Experiments of carbon dioxide flowing in a helical pipe at near-critical pressure were performed at constant heat flux boundary condition. The helical curvature diameter, helical pitch and tube diameter were 283.0 mm, 32.0 mm and 9.0 mm, respectively. The inlet Reynolds number was larger than 10~4 to ensure the turbulent flow. The renormalization group RNG k-ε model simulated the three-dimensional turbulent heat transfer of CO_2 in the helical pipe. Much attention was paid to the combined effects of the centrifugal force and buoyancy force on the heat transfer. The RNG k-ε model reasonably simulates the complicated heat transfer. The wall temperatures near the tube exit were slightly over-predicted, due to the suppression of the increased wall temperatures near the tube exit by axial thermal conduction in the experiment.

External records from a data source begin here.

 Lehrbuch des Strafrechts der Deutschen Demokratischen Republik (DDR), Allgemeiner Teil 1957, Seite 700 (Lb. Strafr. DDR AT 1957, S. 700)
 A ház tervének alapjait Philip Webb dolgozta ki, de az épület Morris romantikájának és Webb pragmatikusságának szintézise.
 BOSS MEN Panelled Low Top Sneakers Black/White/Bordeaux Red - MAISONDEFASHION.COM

Before and near the pseudocritical temperature region, the varied physical properties caused significantly non-uniform velocity and temperature distributions over the tube cross section. The larger axial velocities appear at the outer-bottom location, and the higher wall temperatures appear at the inner-top location. Thus, the outer-bottom locations hold larger heat transfer coefficients. The turbulent kinetic energies are increased along the axial angles and larger in the inner-top region of the tube cross section. The effective viscosities are decreased along the axial angles, and the larger effective viscosities are shifted to the tube center with the axial flow development. Beyond the pseudocritical temperature region, the decreased buoyancy force suppressed the non-uniformity of the heat transfer coefficients over the tube circumference.

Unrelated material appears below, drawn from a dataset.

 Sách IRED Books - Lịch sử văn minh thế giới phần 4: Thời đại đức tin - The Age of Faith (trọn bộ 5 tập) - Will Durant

机译:在恒定热通量边界条件下进行了在接近临界压力的条件下在螺旋管中流动的二氧化碳的实验。螺旋曲率直径,螺旋节距和管直径分别为283.0mm,32.0mm和9.0mm。进口雷诺数大于10〜4,以确保湍流。重归一化组RNGk-ε模型模拟了螺旋管中CO_2的三维湍流传热。离心力和浮力对传热的综合影响引起了很多关注。 RNGk-ε模型合理地模拟了复杂的传热。由于在实验中通过轴向热传导抑制了管出口附近壁温度的升高,因此管出口附近的壁温度略有过高的预测。在伪临界温度区域之前和附近,变化的物理特性会导致整个管横截面上的速度和温度分布明显不均匀。更大的轴向速度出现在外底位置,而更高的壁温出现在内顶位置。因此,底部外位置保持较大的传热系数。湍动能沿轴向角增加,并且在管横截面的内顶部区域更大。有效粘度沿轴向角度减小,并且随着轴向流动的发展,较大的有效粘度移至管中心。超出伪临界温度区域,减小的浮力抑制了管圆周上传热系数的不均匀性。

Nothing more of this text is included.